Ask students if they can think of any ways to keep healthy. You could hold up 5 pieces of fruit and veg and ask if eating those today will make you healthier. Should it be more – could it be less? How did the government come up with the ‘5 A Day’ slogan, and does it have any scientific basis?

Explain that today’s lesson will be thinking about our whole selves, not just our bodies, and how we keep healthy in all areas of our lives.


Introduce the clip from the film Avatar (20th Century Fox Home Entertainment, 2009, certificate 12). Click here to buy the DVD online.

Avatar is a film about a group of humans who infiltrate an alien tribe, the Na’vi, using laboratory-grown host bodies (the ‘avatars’ of the title) to try and win the Na’vi’s trust so they can exploit their planet’s resources. In this scene we see a group of the human scientists, headed by Dr. Grace Augustine (Sigourney Weaver), preparing to ‘put on’ their avatars.

  • Start time: 0.54.22 (in chapter 14 of the DVD)
  • End time: 1.00.13
  • Clip length: 5 minutes and 51 seconds

The clip starts with Dr Grace Augustine (Sigourney Weaver) walking into the deserted labs and starting to switch lights on. The first line is Grace saying, ‘Welcome to camp.’ The clip ends after Jake (Sam Worthington) in his avatar body makes a huge leap down in the forest, with his fall broken by several large plant leaves. Please note that this clip includes some mild swearing, which you may consider to make it inappropriate for your students.

Ask the students to sum up Jake’s attitude towards the beliefs and values of the Na’vi. Why do they think that he regarded her spiritual belief as ‘tree-hugger crap’? Why did Grace urge Jake not just to focus on ‘the eye-hand co-ordination’? To what extent do the students think about health and learning as relating to different aspects of their lives?

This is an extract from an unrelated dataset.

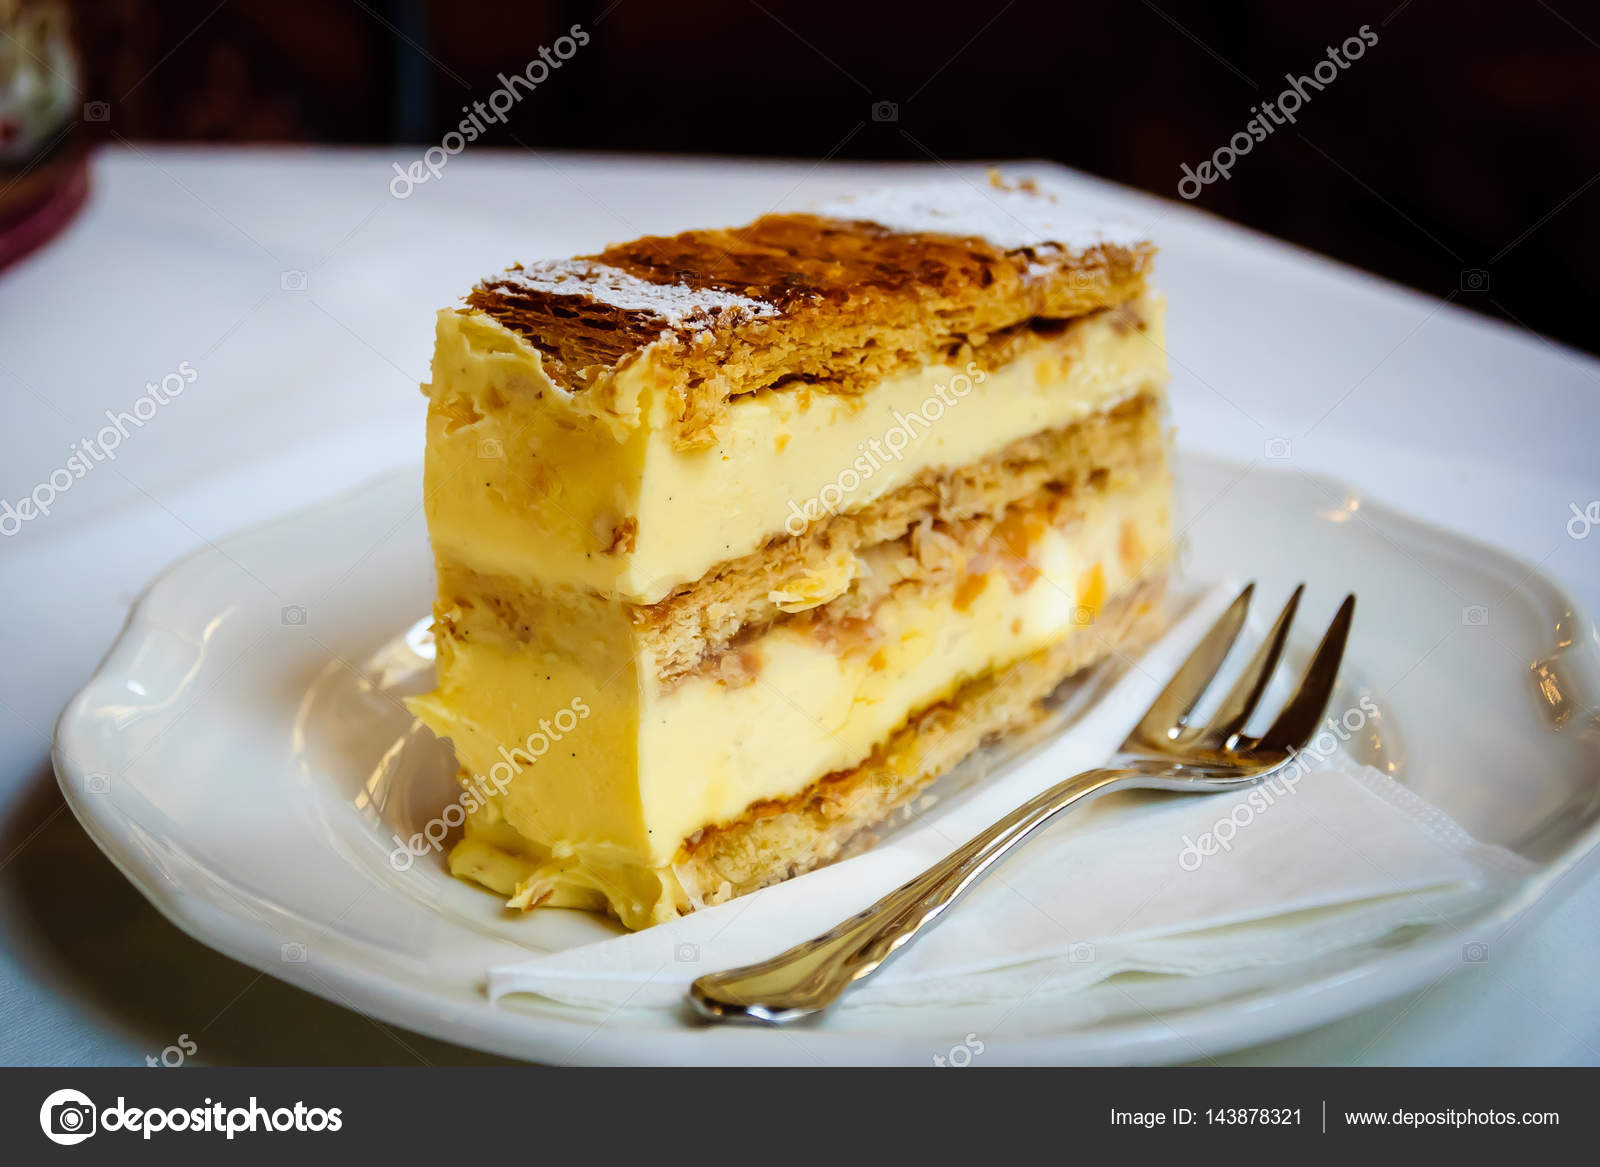 Süße Topfenstrudel Quark Mit Vanillesauce Stockfoto Eakkapan

Are there any parallels between the differing views of the fictional Jake and Grace and anything that the students would recognise as belonging in the real world?

Ask the students if they were surprised that Sigourney Weaver’s character, a doctor, was seen smoking in the clip. Give out copies of the article Avatar joins Holiday movies that fail an antismoking test from the New York Times website. You can find the article at

Ask the students if they agree with the objections of Stanton A. Glantz, the director of the Centre for Tobacco Control Research and Education at the University of California. Do you think that the inclusion of a character like Grace Augustine makes Avatar a film with ‘a pro-smoking message’?

Ask the students what they think of movie director James Cameron’s reasons for choosing to depict Grace as a smoker. Cameron says ‘from a character perspective, we were showing that Grace doesn’t care about her human body, only her avatar body, which again is a negative comment about people in our real world living too much in their avatars, meaning online and in video games.’ Do the students agree with him that it is undesirable to separate our bodies and minds this way? Is it possible to view different aspects of our lives as completely separate?

Read Mark 12:28-31. How does Jesus summarise the greatest commandment? What elements does it say are involved in loving God with our whole selves? Explain that the Bible describes humans as ‘holistic’ creatures – mind, body and spirit, all of which are indivisible – rather than simply minds or bodies or spirits. Other examples of this can be found in Romans 12:1-2 and 1 Thessalonians 5:23-24.

In pairs, get students to examine the case study cards and answer the following two questions for each one:

  • Is this a healthy way of living?
  • What part or parts of their life – mental, spiritual, physical, emotional – is the person described neglecting?


Ask the students to write up a summary of their findings of the worksheet case studies. Their summaries should include their answers to the two questions above. Students should also include brief statement outlining their understanding of Christian teaching regarding a holistic view of human nature.


  • A copy of the DVD Avatar and the means to play it.
  • Bibles.
  • Case Study cards.
  • 5 pieces of fruit if you choose to use visual aids for the starter activity.
  • Copies of the article Avatar joins Holiday movies that fail an antismoking test from the New York Times website.